**Task data**
----
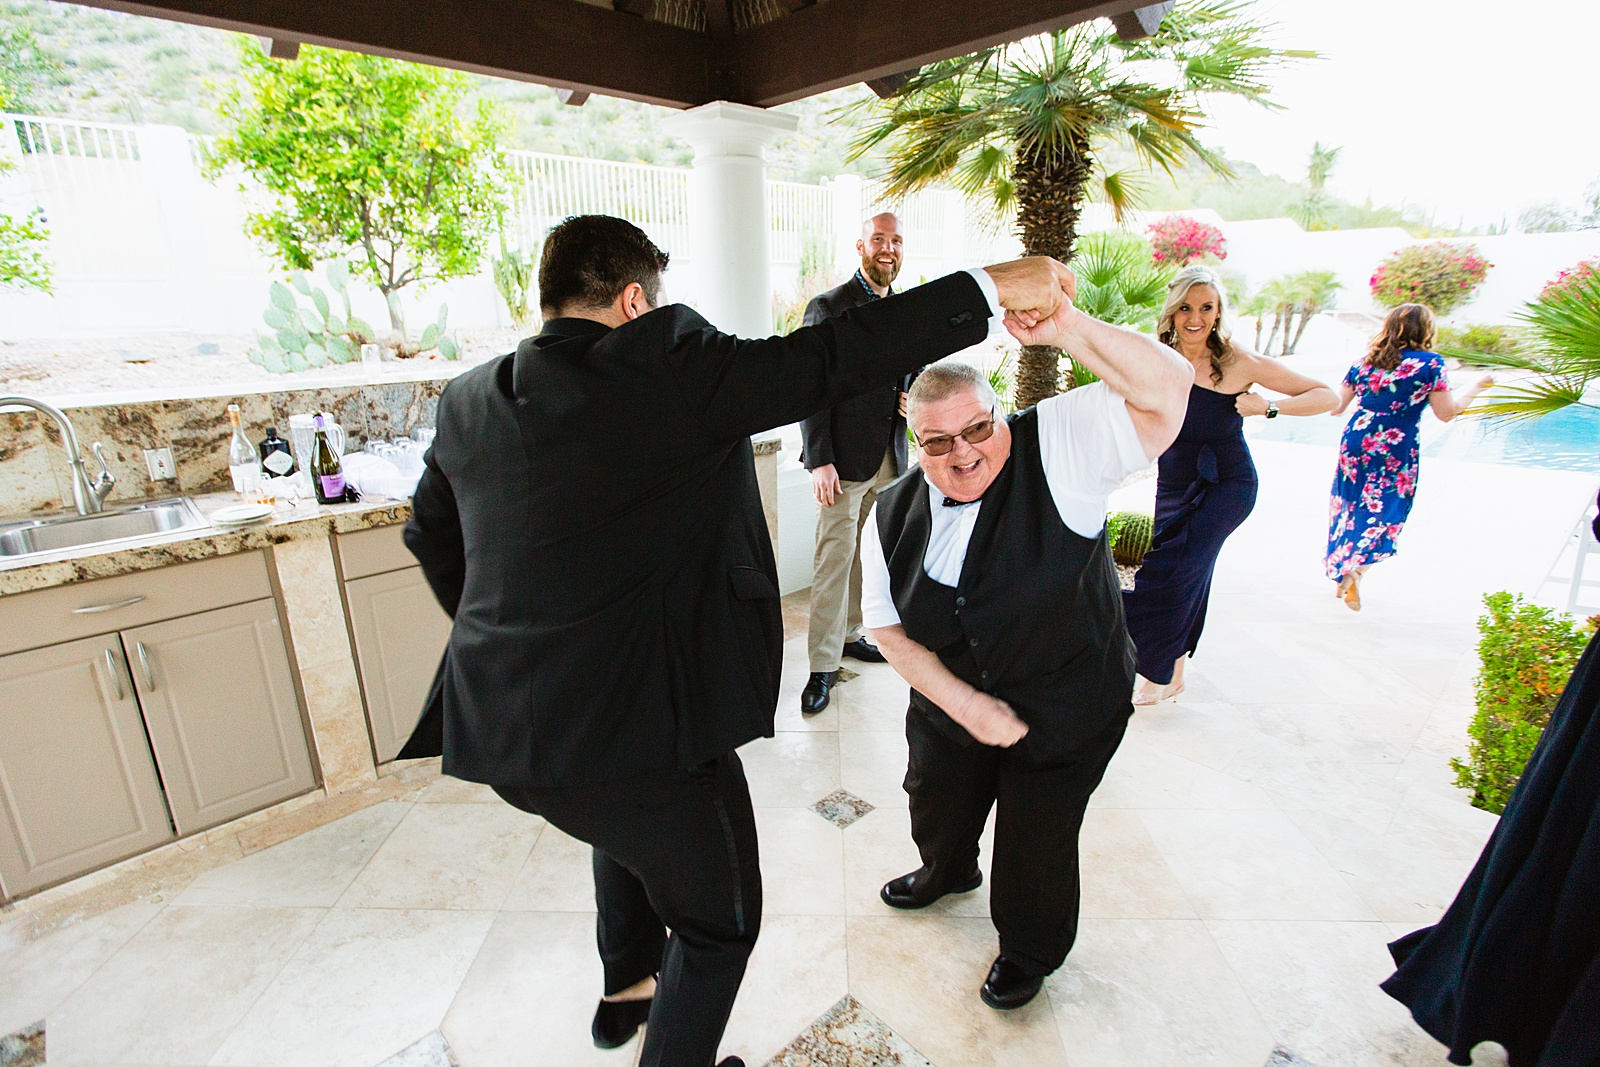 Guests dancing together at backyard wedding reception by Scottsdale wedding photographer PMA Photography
----
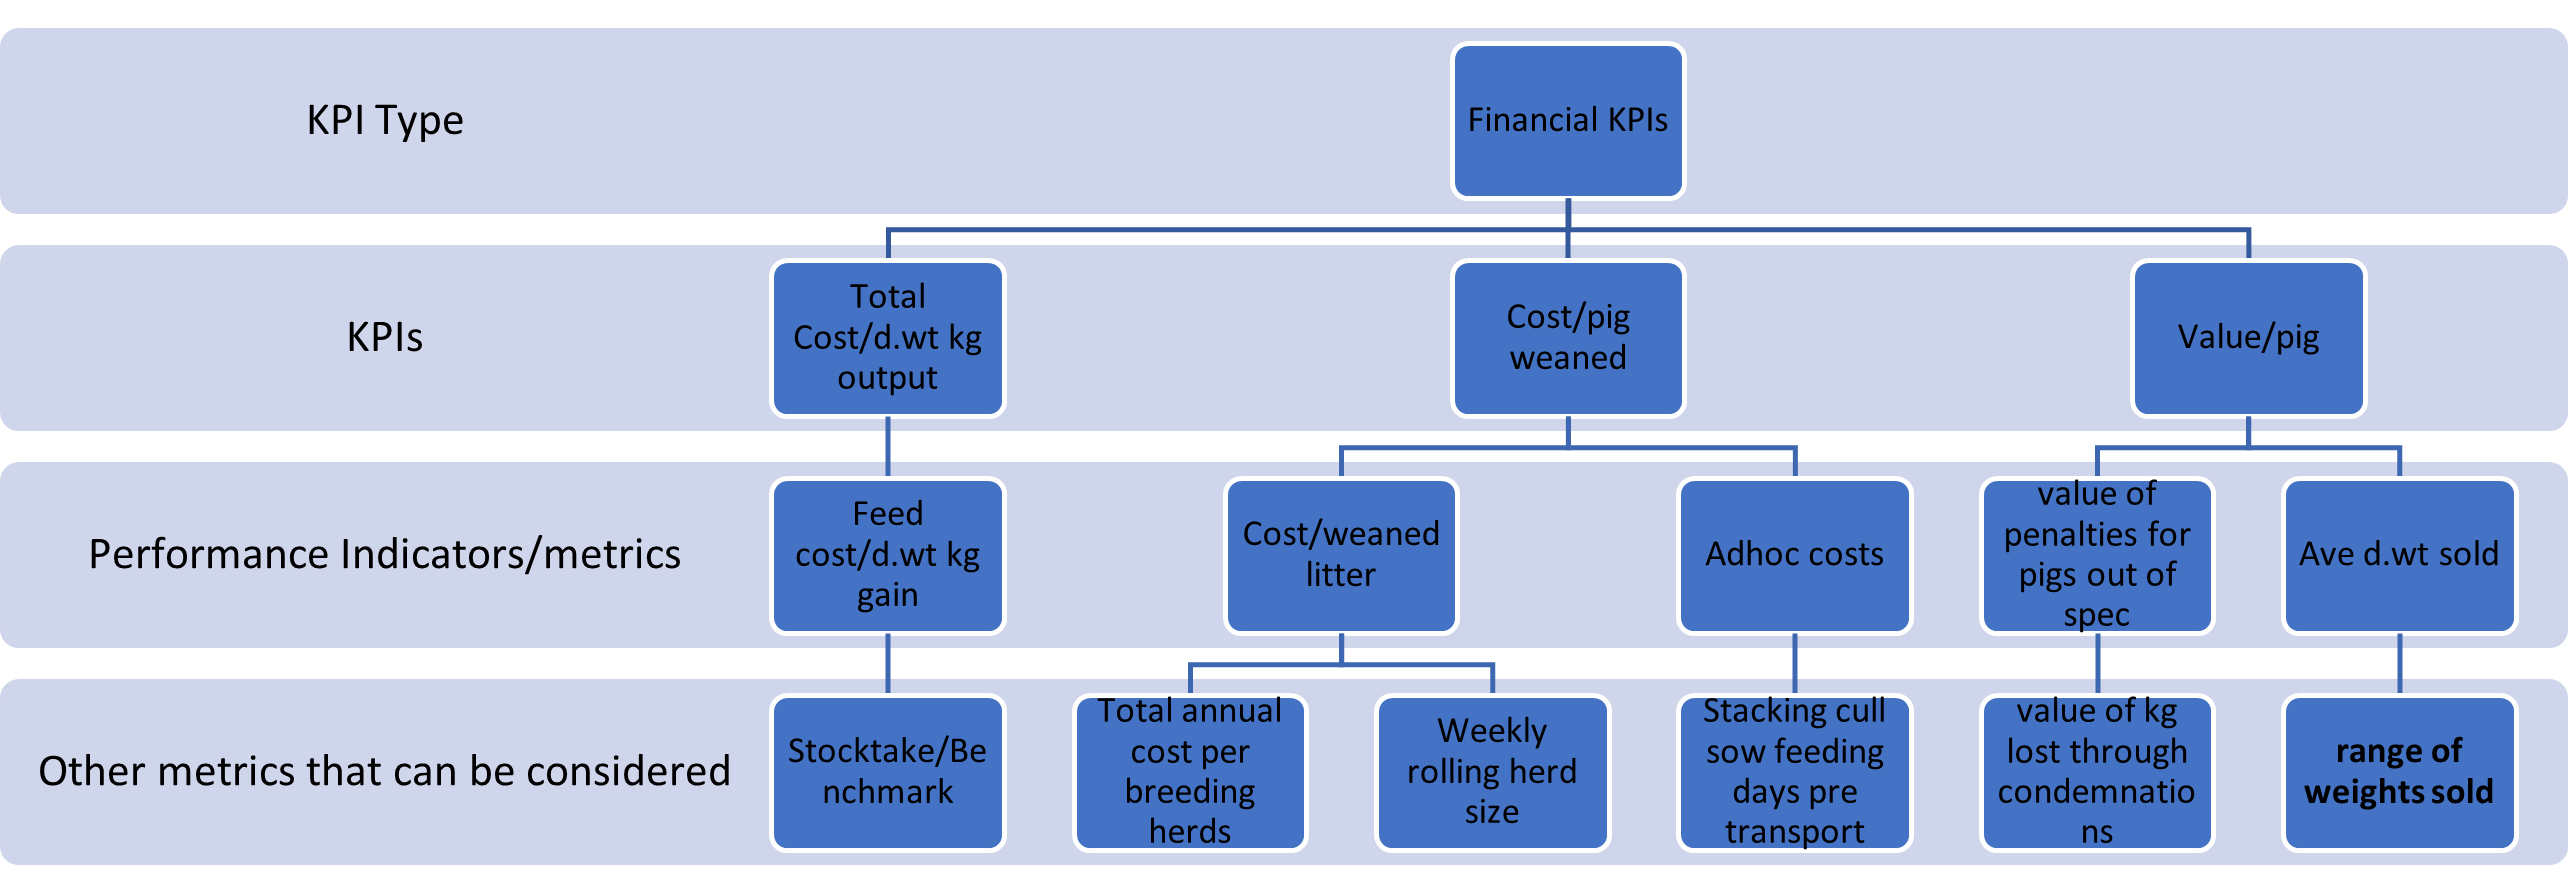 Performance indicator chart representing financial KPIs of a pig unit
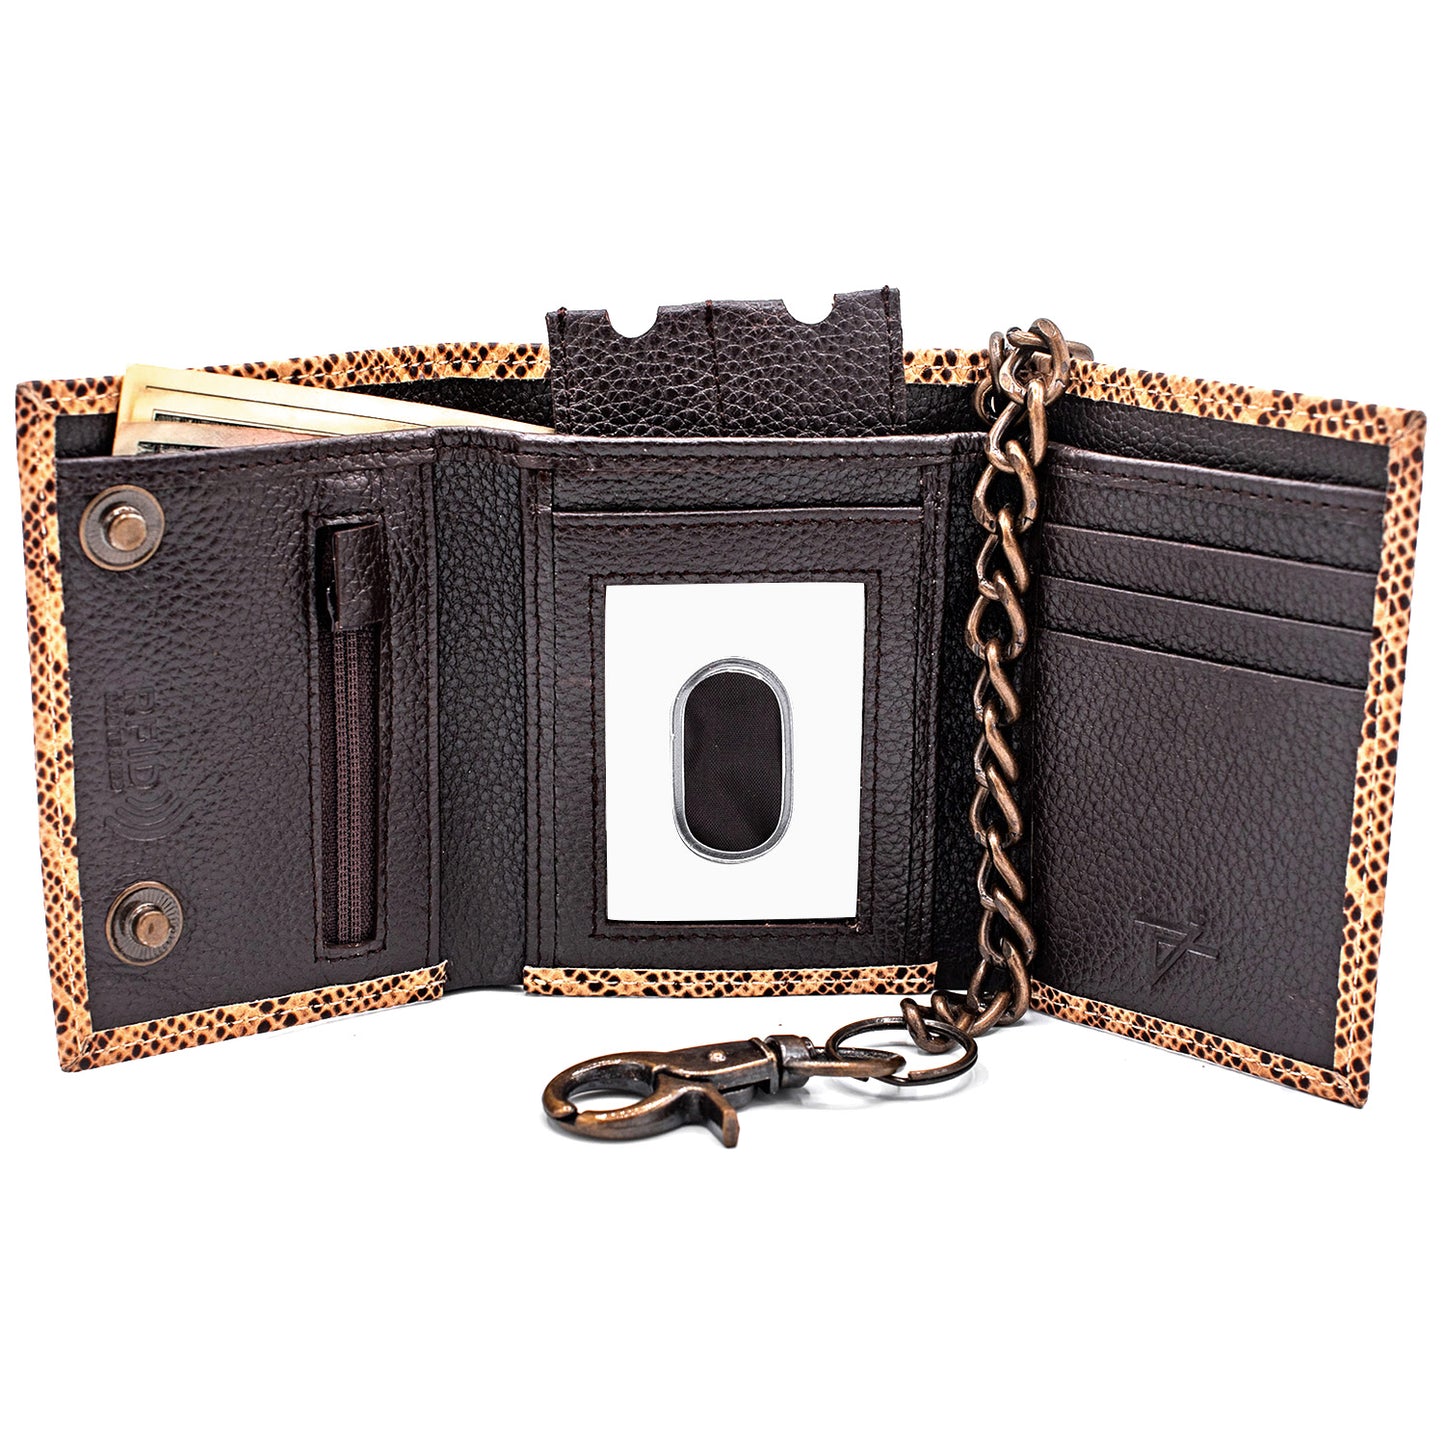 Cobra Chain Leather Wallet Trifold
----
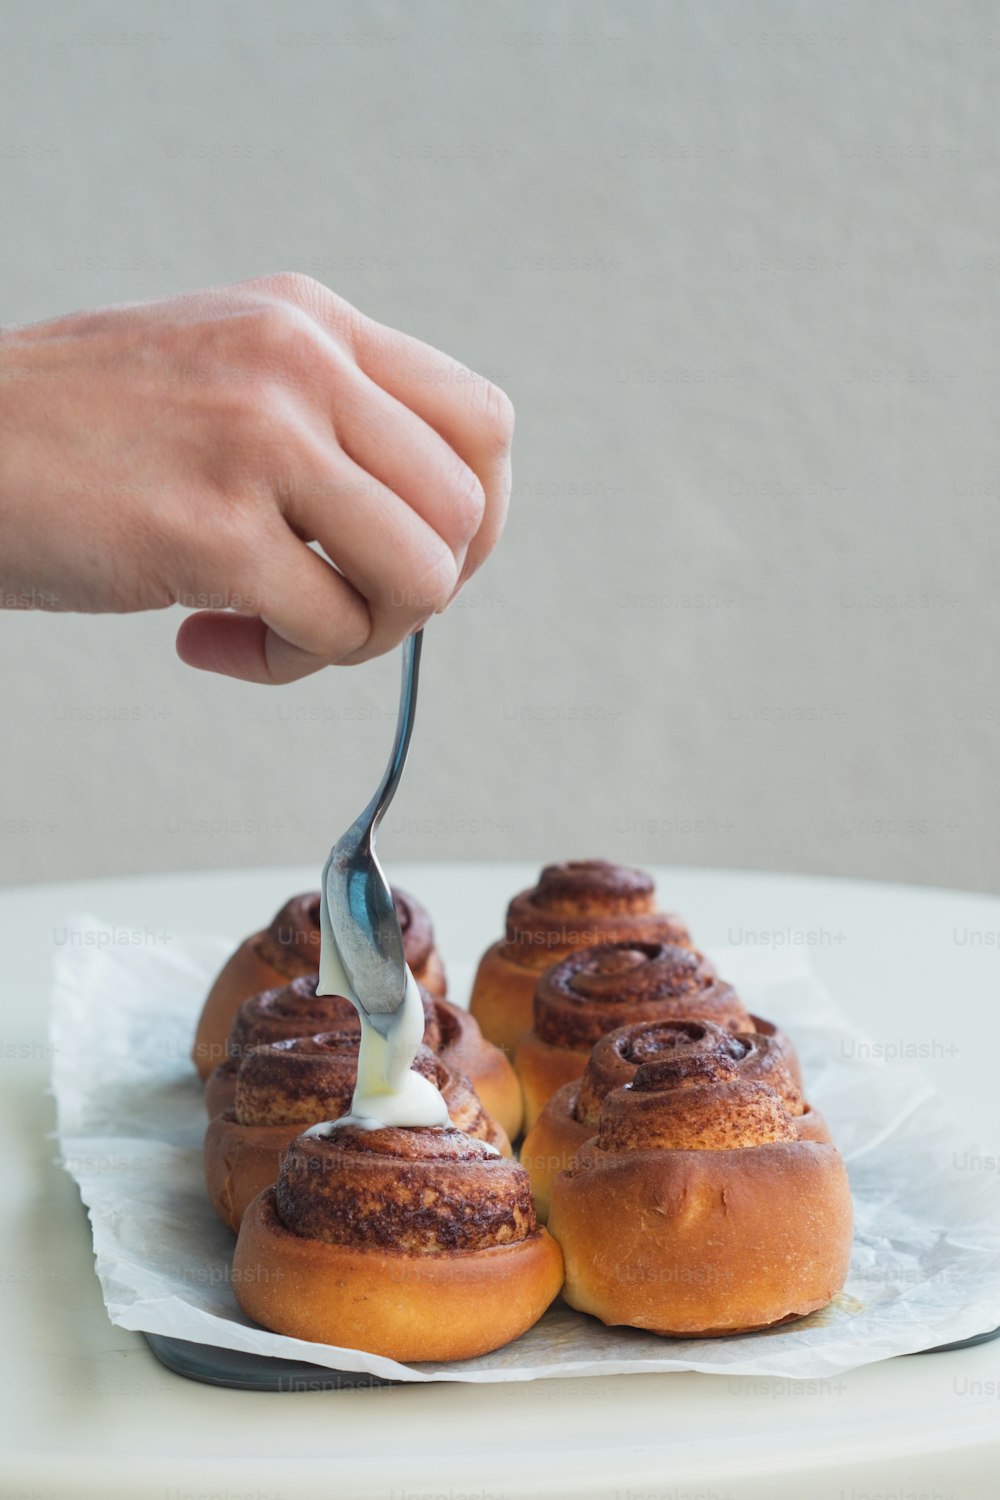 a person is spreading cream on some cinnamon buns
----
**Assignment**
Copy needed, without pictures: the lines of the listing above from the line containing "Performance indicator chart" up to and including the line containing "Cobra Chain Leather Wallet Trifold", set down exactly.

**Written response**
 Performance indicator chart representing financial KPIs of a pig unit
 Cobra Chain Leather Wallet Trifold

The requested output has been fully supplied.